"""
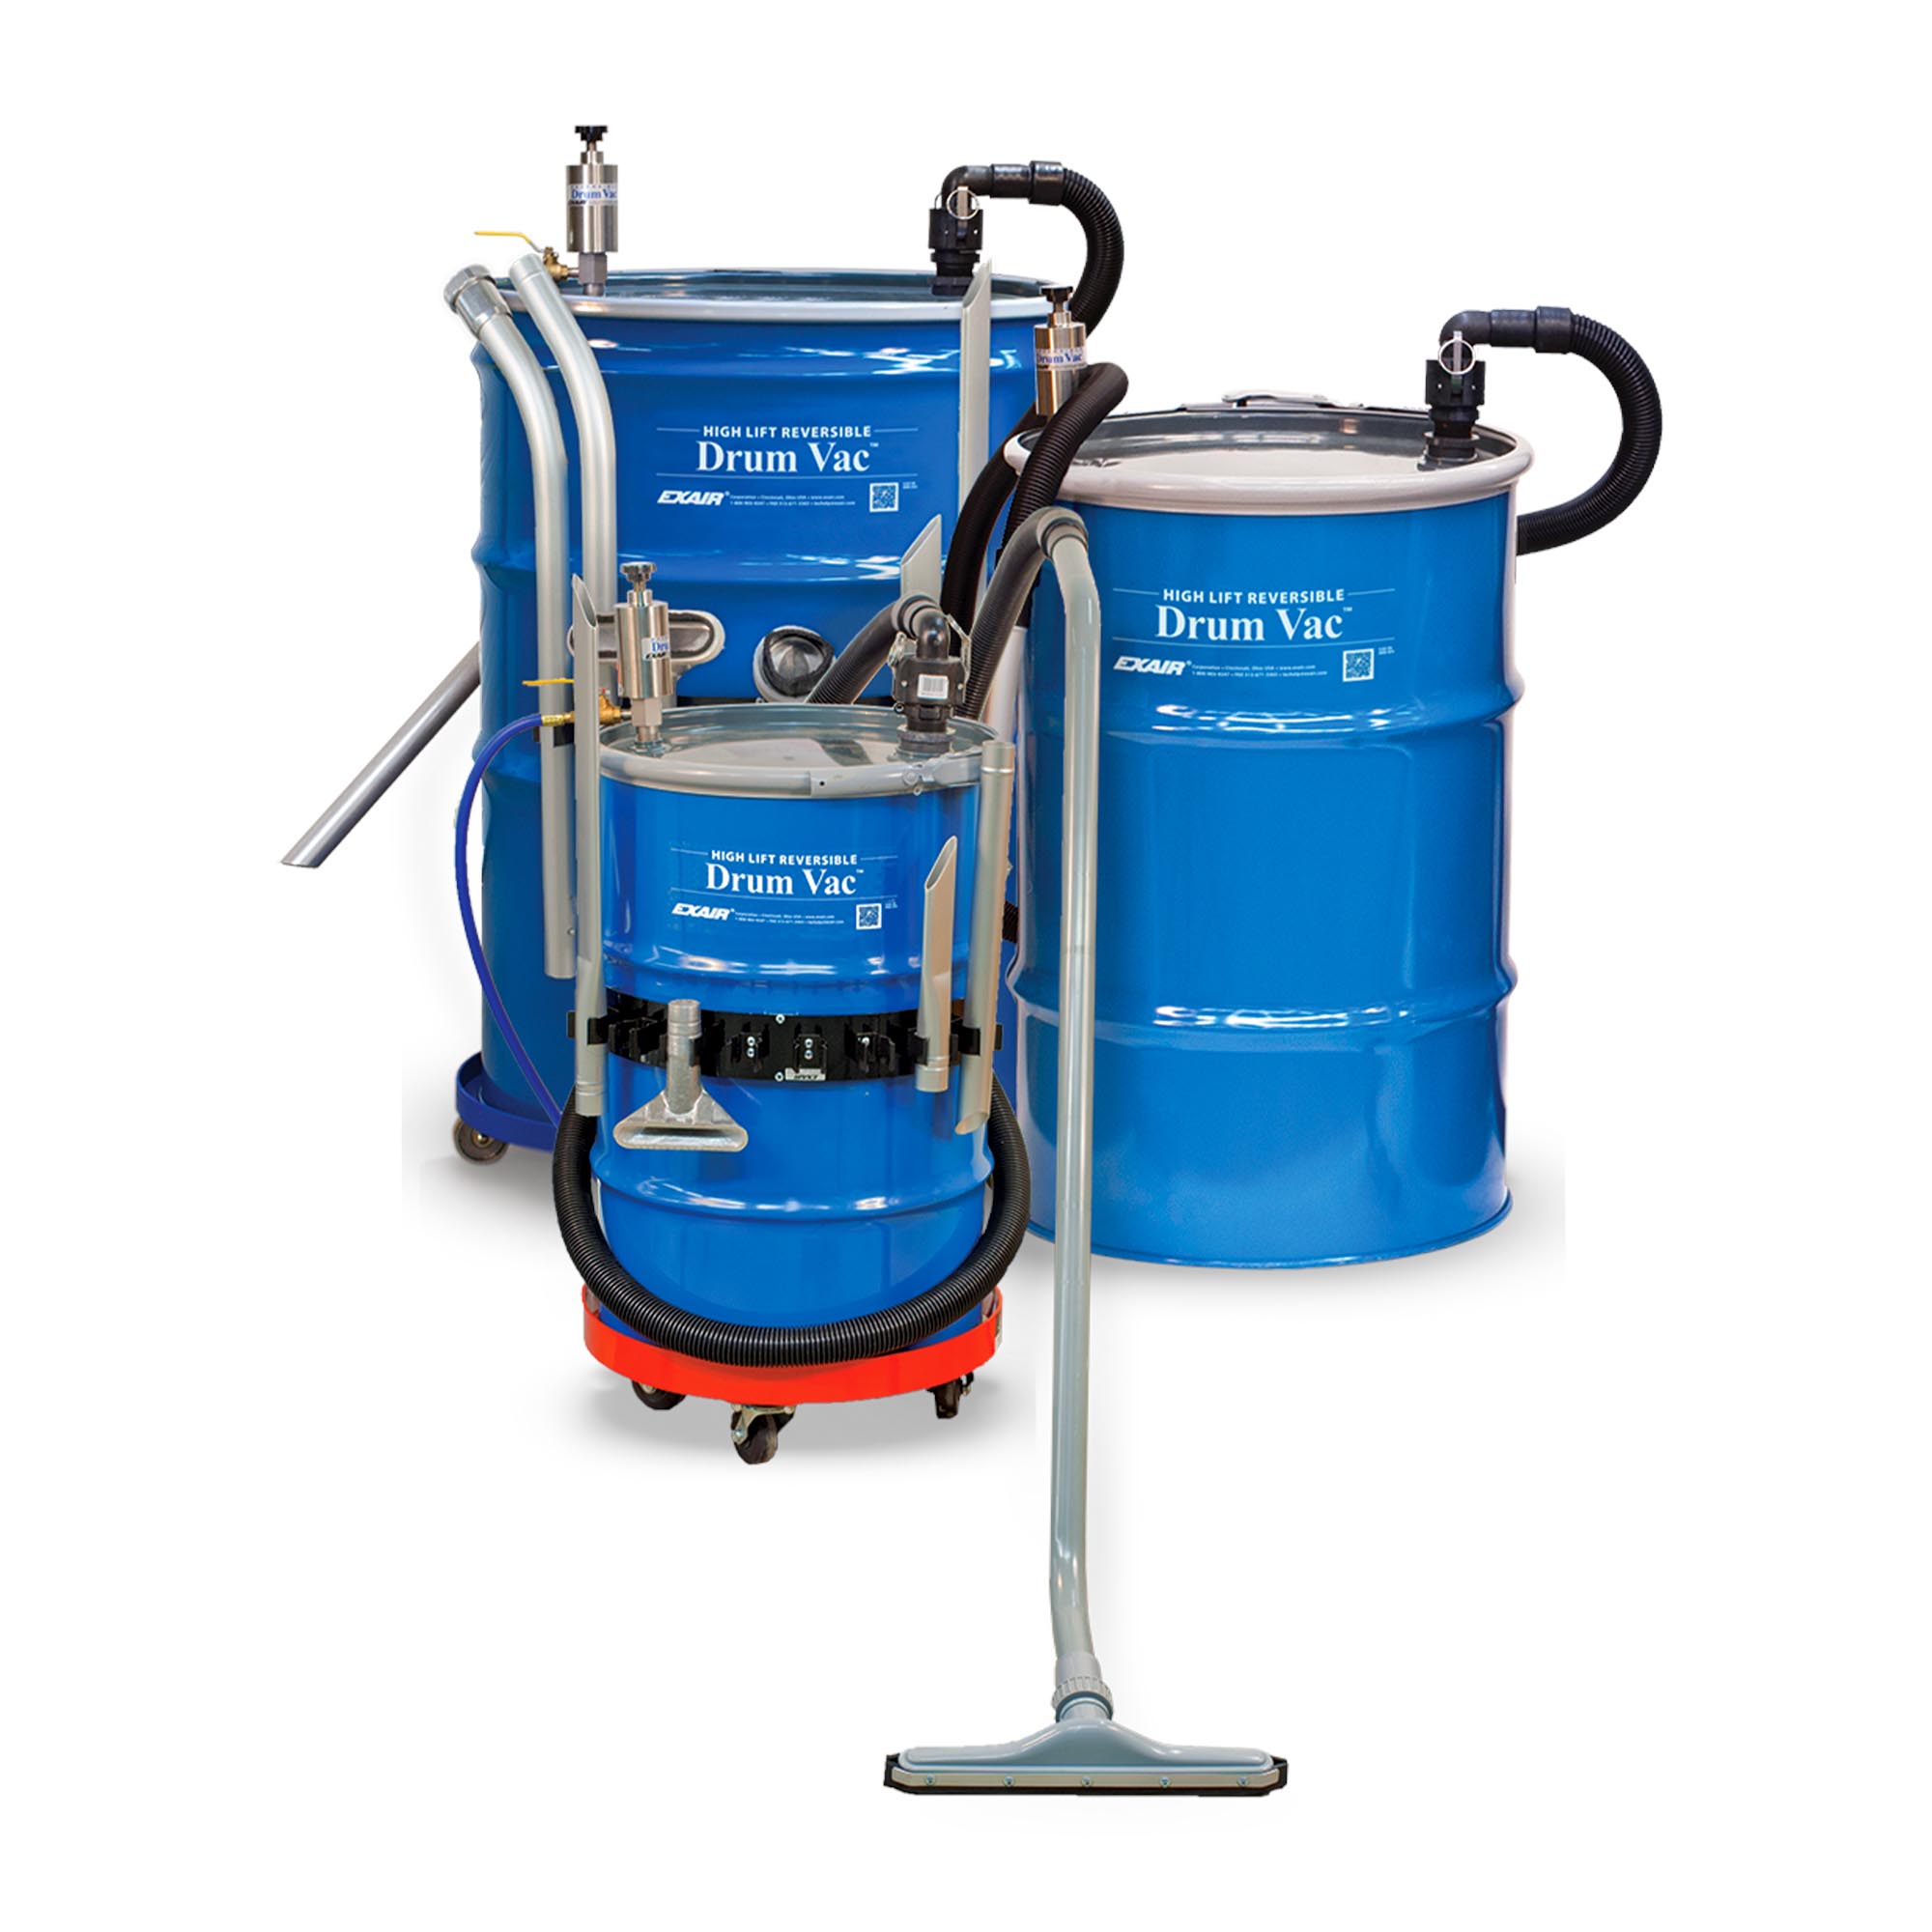 Deluxe Reversible Drum Vac System
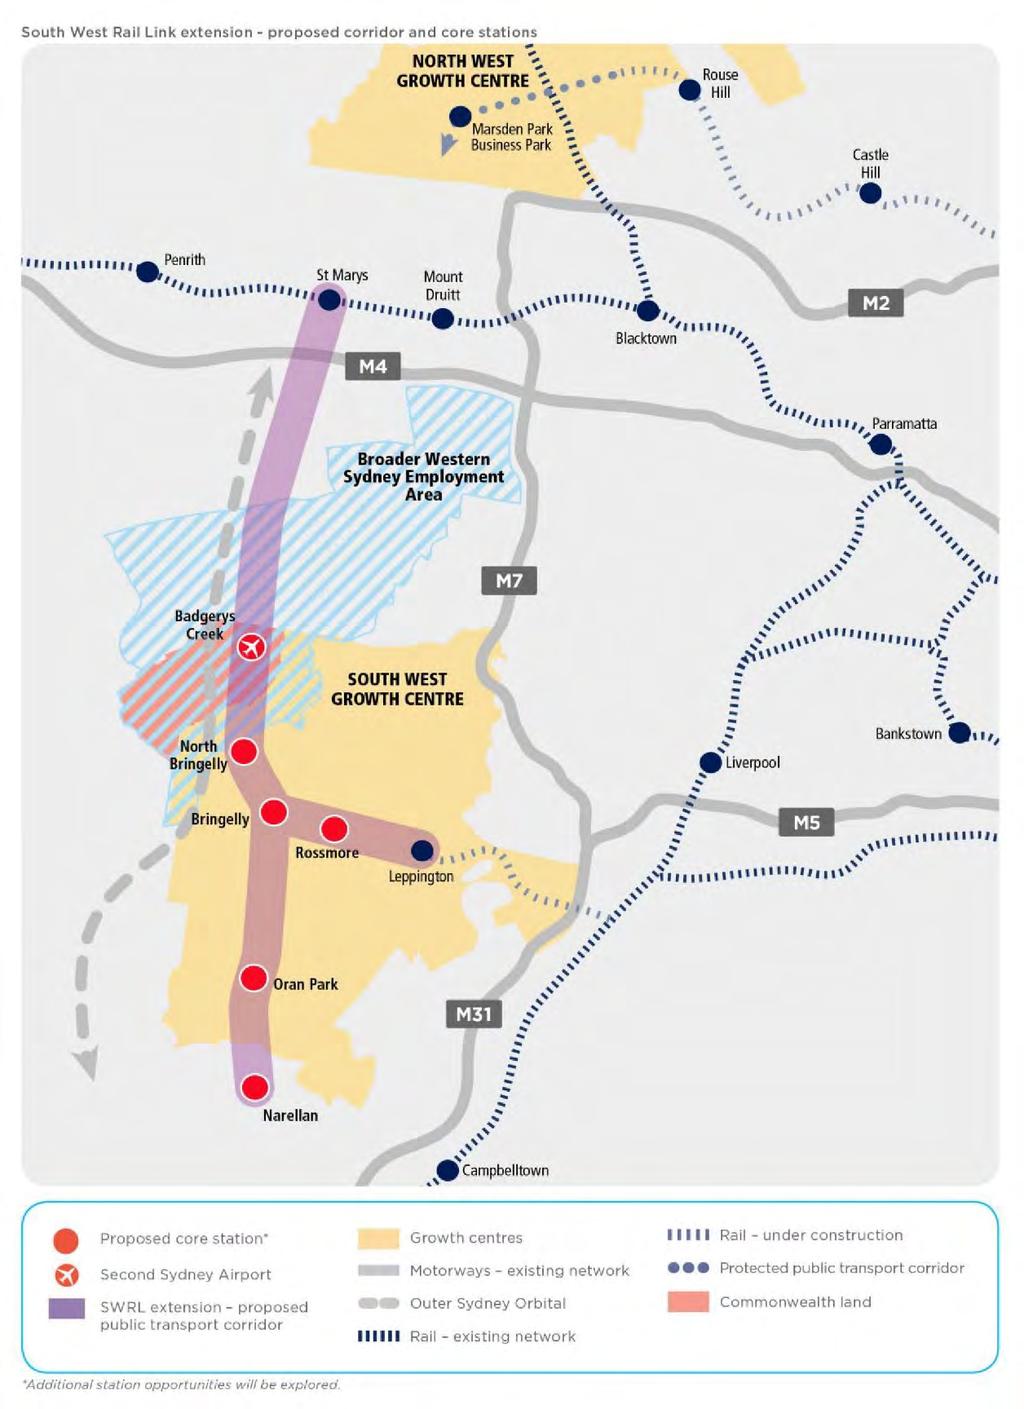 What needs to happen Figure 14: Proposed corridor and core stations for the South West Rail Link Extension Corridor Source: Transport for NSW 2017, South West Rail Link Extension Corridor.
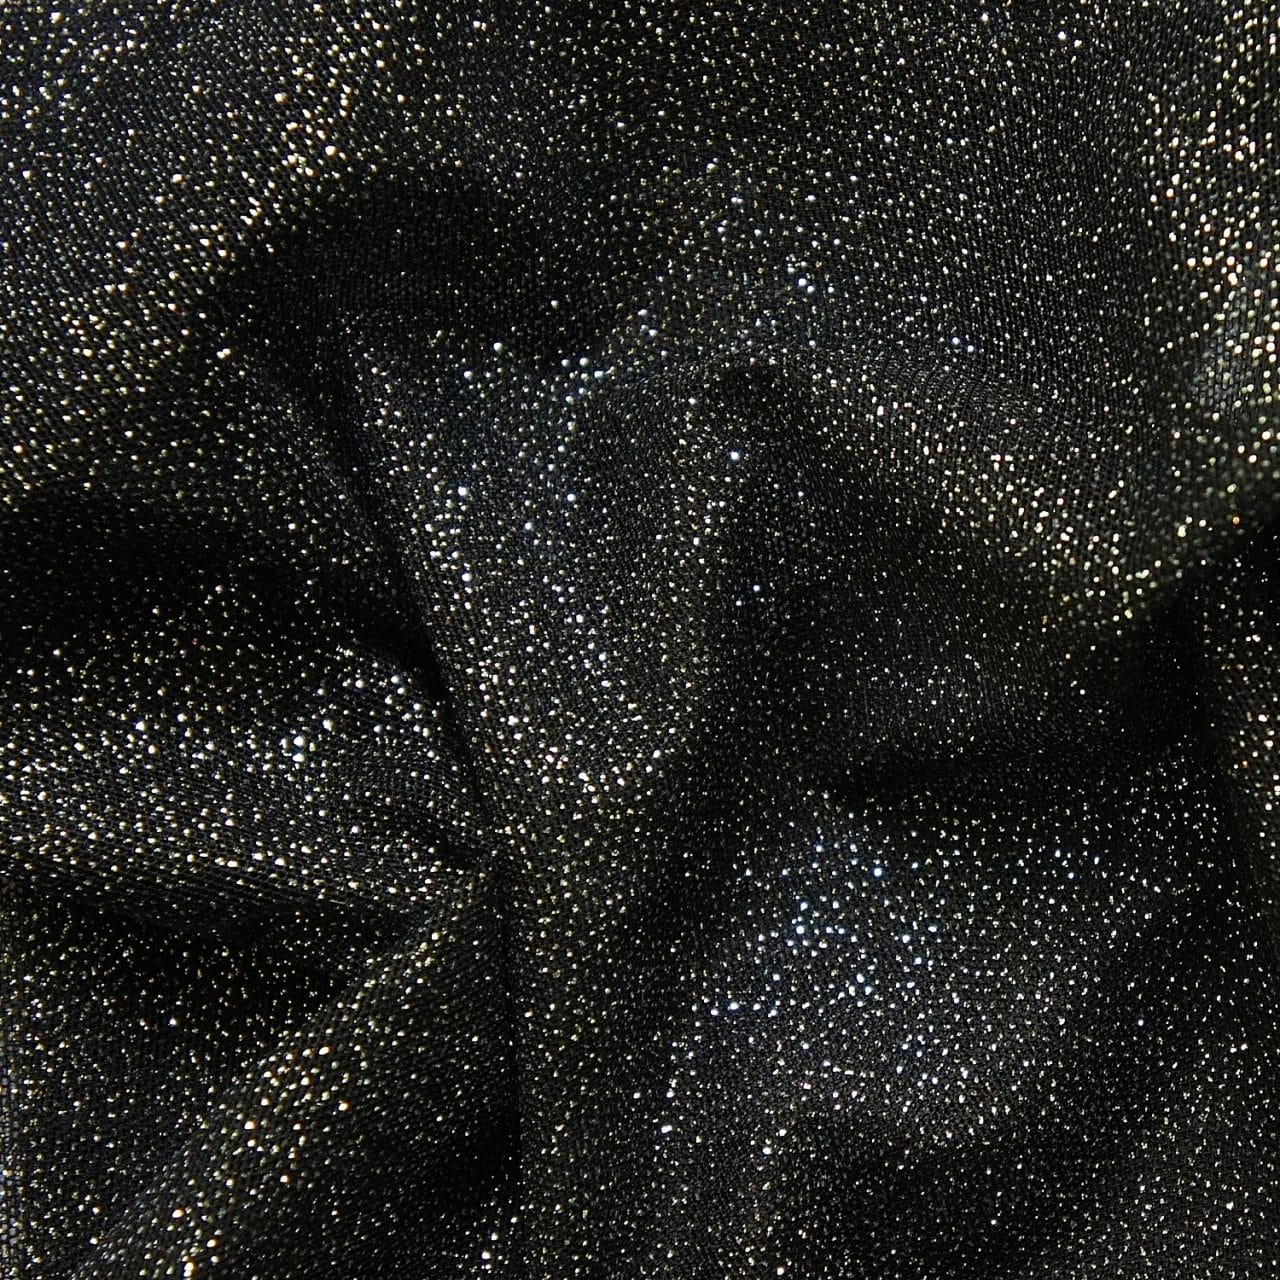 Bristol Glitter Sequin Embroidered Mesh Fabric. Lace Netting Material
"""
▶ Exercise details
Exactly the lines from the one with "What needs to" to the last line of the listing are wanted, both ends included and pictures excluded.

▶ Result
 What needs to happen Figure 14: Proposed corridor and core stations for the South West Rail Link Extension Corridor Source: Transport for NSW 2017, South West Rail Link Extension Corridor.
 Bristol Glitter Sequin Embroidered Mesh Fabric. Lace Netting Material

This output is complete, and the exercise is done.